To top off the weekend and before I go on a skinny diet, my mind was set to make these chocolate mousse cups accompanied with raspberry compote and fresh blueberries on top. These were amazing. I knew I had to make these when I saw this on Steph's blog. Chocolate mousse or any mousse I should say has always been non-existent in my menu because 9.999999/10 times, I couldn't eat the ones served outdoors. So here's my first official chocolate mousse, and hurrah! I'm not a mousse virgin anymore. It's such an easy thing to make that I can't believe that I didn't make this any earlier! It's rich in chocolate flavour and fluffy in texture. It felt like I was swinging amongst the clouds as I was eating this. This mousse isn't sweet at all because of the dark chocolate with no added sugar. The raspberry compote was a perfect combination with this mousse as I personally find that the mousse might be a bit sickening by itself. I wished I had added more of the compote to each cup because I had leftovers and in my biased opinion, I really liked the compote. This dessert can definitely do with some more sweet fillings, hence I added some fresh blueberries on top.
Hope everyone had a happy weekend. Adios amigos!

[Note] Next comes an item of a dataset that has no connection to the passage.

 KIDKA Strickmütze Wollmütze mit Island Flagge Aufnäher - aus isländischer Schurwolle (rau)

Chocolate Mousse with Raspberry Compote

(adapted from raspberri cupcakes)

Raspberry Compote
300g raspberries, fresh or frozen (I used frozen)
¼ cup (55g) sugar
½ tsp vanilla extract (I used vanillin)

Chocolate Mousse
180g good quality dark chocolate, finely chopped
3 large eggs, at room temperature and separated
pinch of salt
225ml thickened cream

1. Prepare the compote first (you may use any berries you want). Place berries, sugar and vanilla in a medium saucepan. Stir regularly on low-medium heat. Simmer until the sugar completely dissolves and the mixture thickens slightly, about 5-10 minutes. Remove from the heat and strain seeds if you prefer. Set aside to cool.

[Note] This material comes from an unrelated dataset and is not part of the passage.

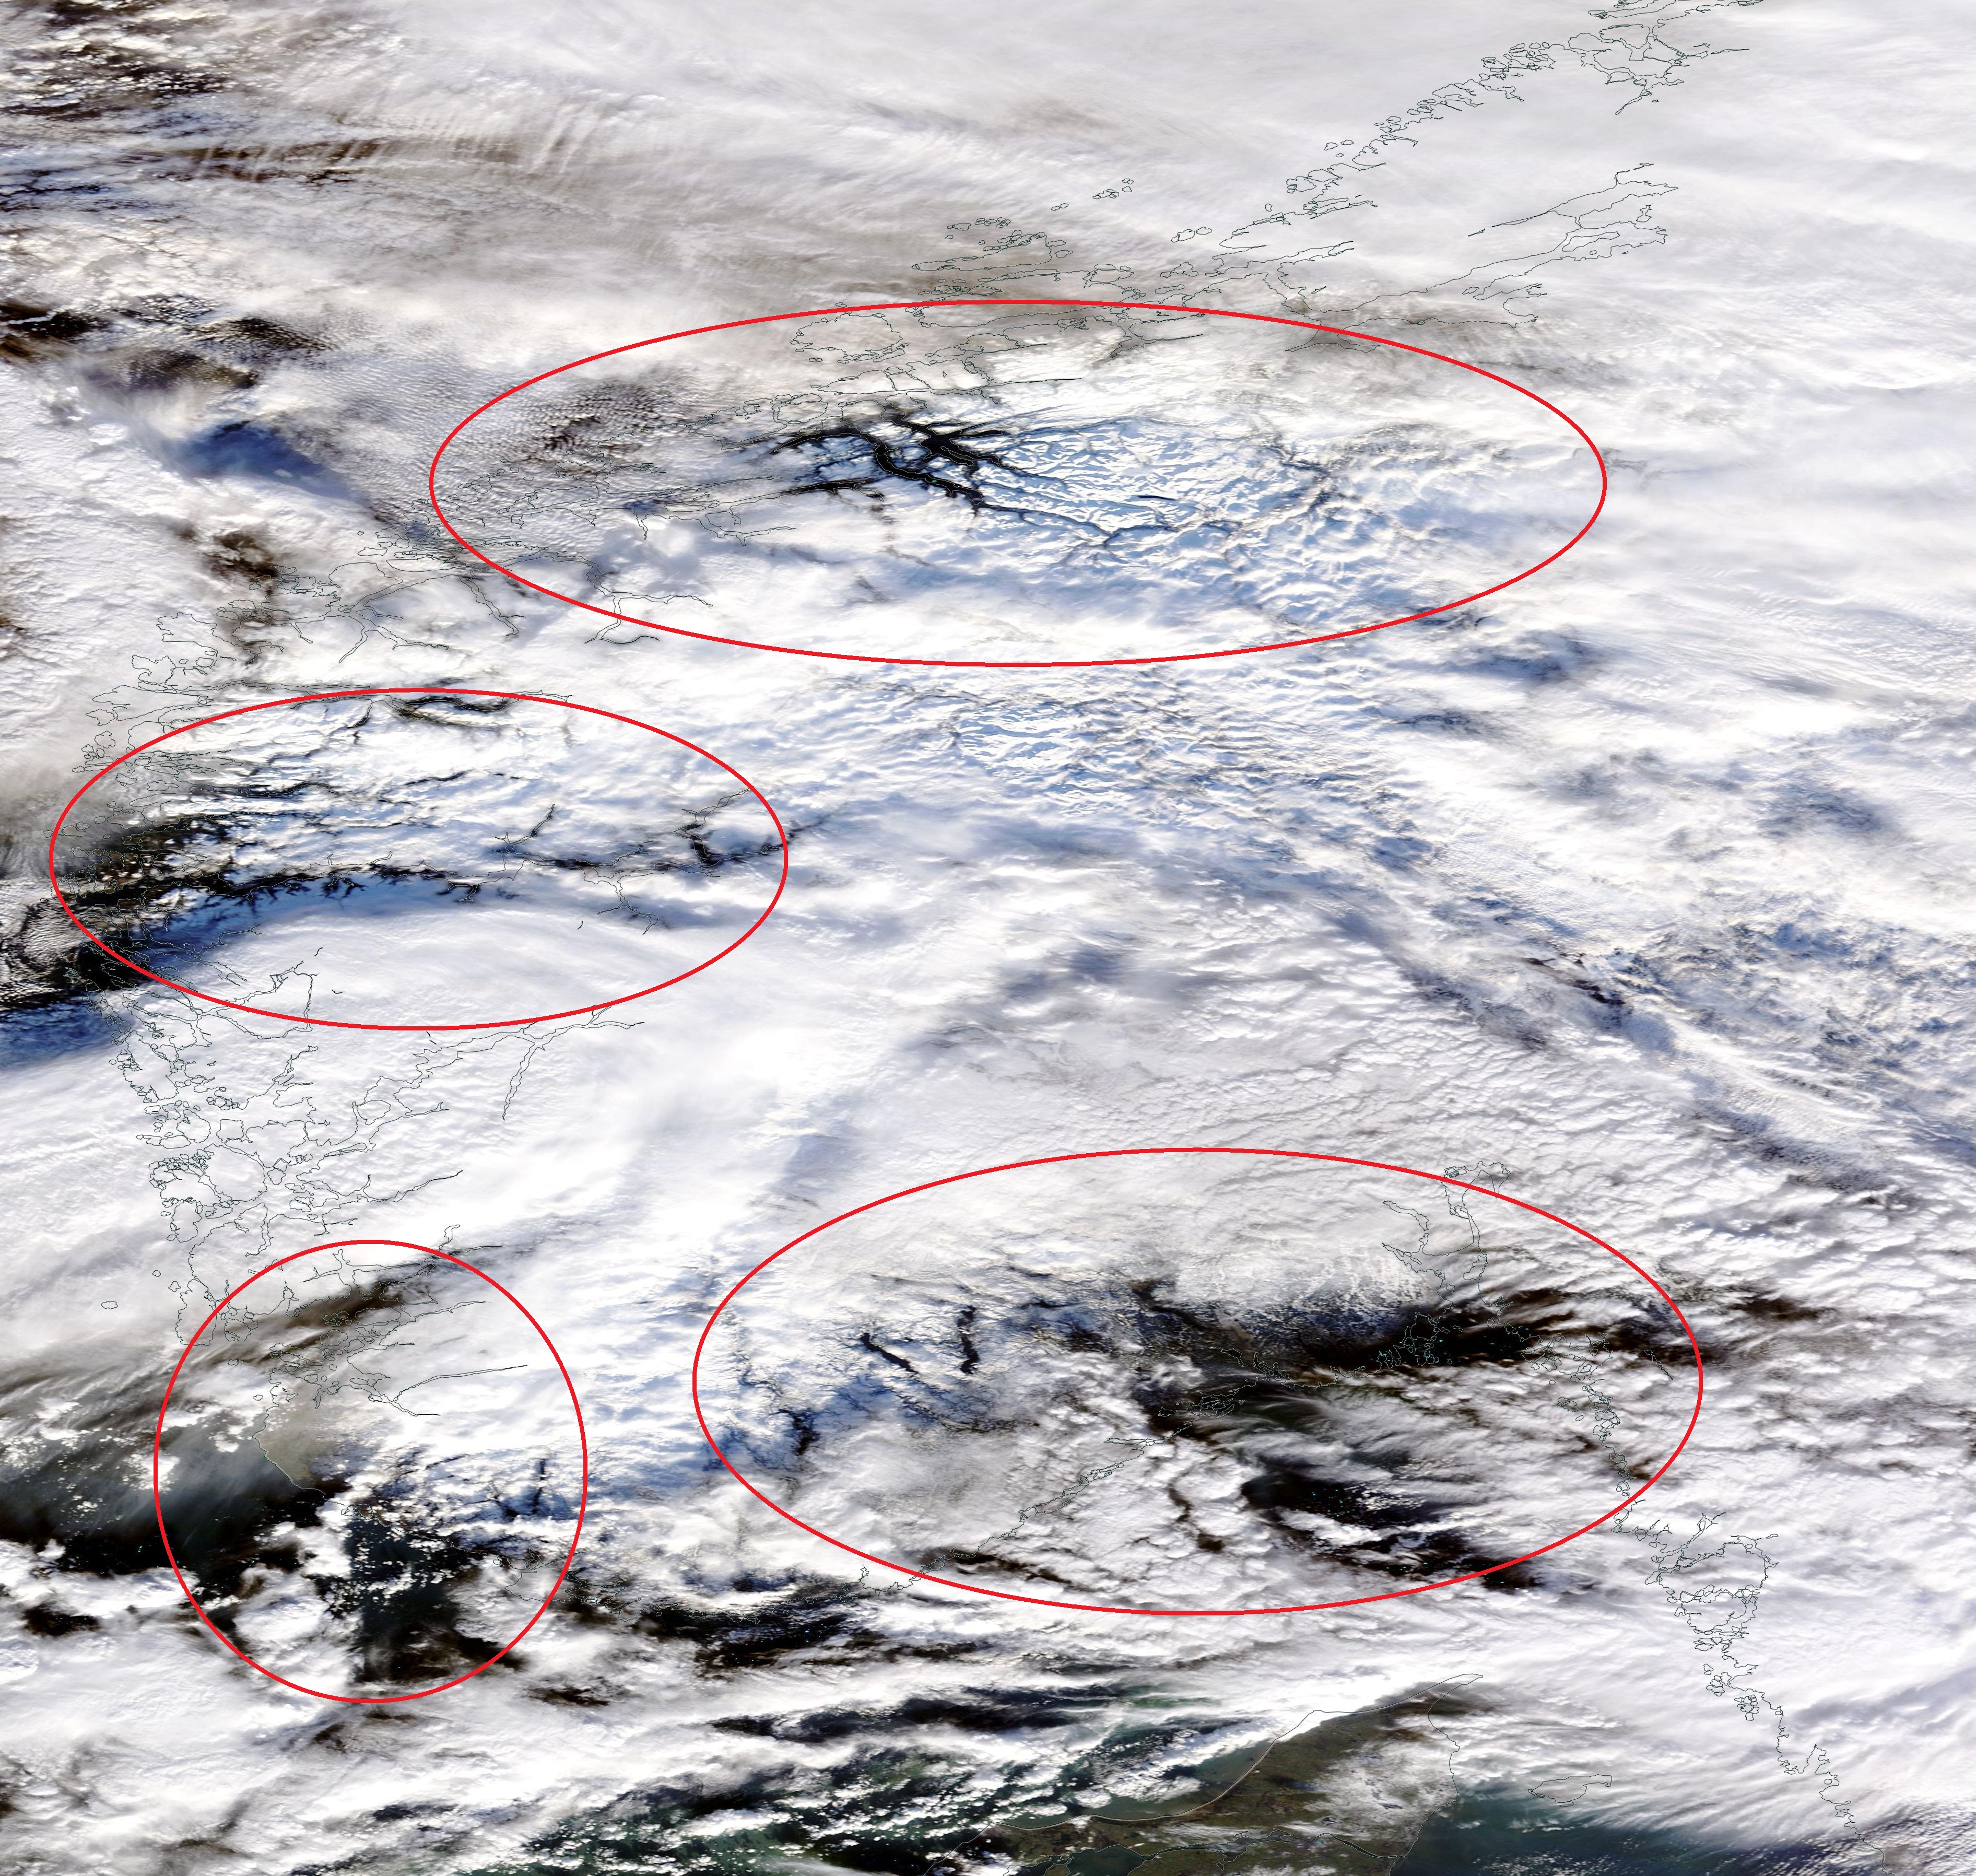 snow-scandinavia-visible-from-nasa-sat-29jan

2. For the chocolate mousse, carefully beat thickened cream in a medium-large mixing bowl with an electric mixer till soft peaks form. Place in fridge until ready to use.

3. Place chocolate in a heatproof bowl over a saucepan of gently simmering water and stir until chocolate is completely melted. Remove from the heat and add yolks and salt and stir to combine.

4. Fold whipped cream into mixture. In a separate, medium-large mixing bowl, beat the egg whites with an electric mixer on high speed until soft peaks form. Carefully fold egg whites into chocolate mixture until combined. The mousse should be smooth and even in colour.

5. Spoon about 1 tbsp of cooled berry compote into the bottom of each serving glass. Finish off with a layer of chocolate mousse over the top of the compote. Chill in the refrigerator for 3 hours or until set. Top with more berries or popping candy or fairy floss right before serving.